De Raad kan zonder nader onderzoek, met toepassing van artikel 106, eerste lid, van de RAr, degene die niet heeft voldaan aan het verzoek van de voorzitter van de Raad het verzuim als bedoeld in artikel 104 van de RAr binnen de gegeven termijn te herstellen, niet-ontvankelijk verklaren.
1.4.
Bij de onder het procesverloop genoemde brieven van 18 oktober 2021 en 23 december 2021 heeft de Raad de minister erop gewezen dat het hoger beroep niet-ontvankelijk kan worden verklaard indien hij niet reageert op het verzoek om de gronden van het hoger beroep binnen de gegeven termijn in te dienen.
1.5.
De minister heeft van de geboden gelegenheid geen gebruik gemaakt en evenmin om uitstel daarvoor verzocht.
1.6.
Nu de minister heeft nagelaten binnen de gegeven termijn gronden tegen de aangevallen uitspraak in te dienen, is het hoger beroep kennelijk niet-ontvankelijk. De Raad doet dan ook met toepassing van artikel 106, eerste lid, van de RAr zonder verder onderzoek uitspraak bij beschikking.

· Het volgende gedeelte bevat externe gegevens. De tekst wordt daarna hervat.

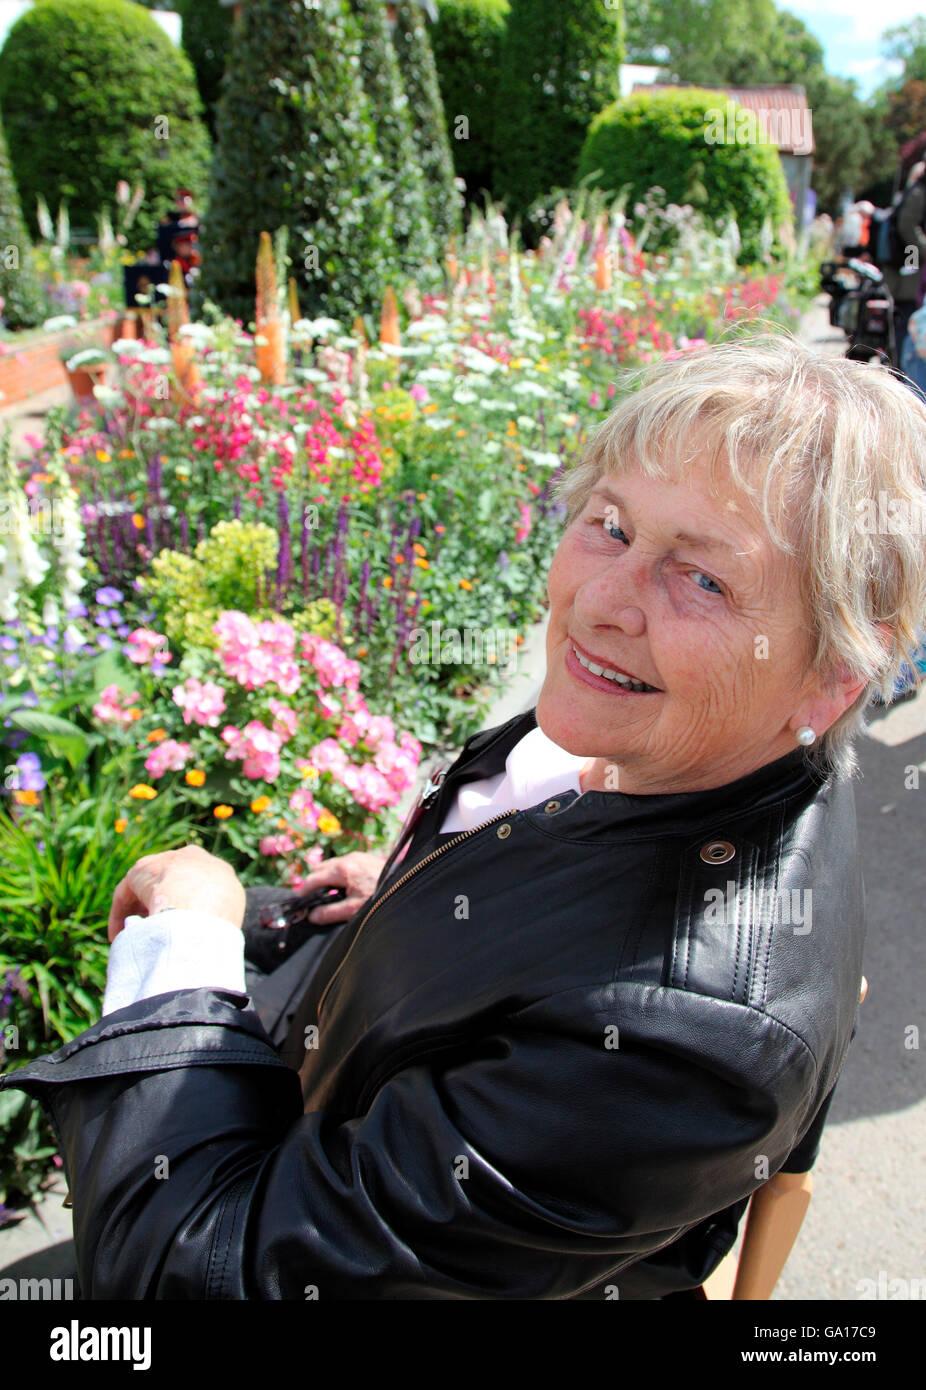 Helen Dillon, Irish garden guru at RHS Chelsea Flower Show 2016 - Stock Image

2. Voor een proceskostenveroordeling bestaat geen aanleiding.

Beslissing

De Raad
verklaarthet hoger beroep
niet-ontvankelijk.
Aldus gegeven door mrs. W.H. Bel, voorzitter en J. Sybesma en P. Klik, leden, en uitgesproken in het openbaar op 20 juli 2022 in tegenwoordigheid van de griffier.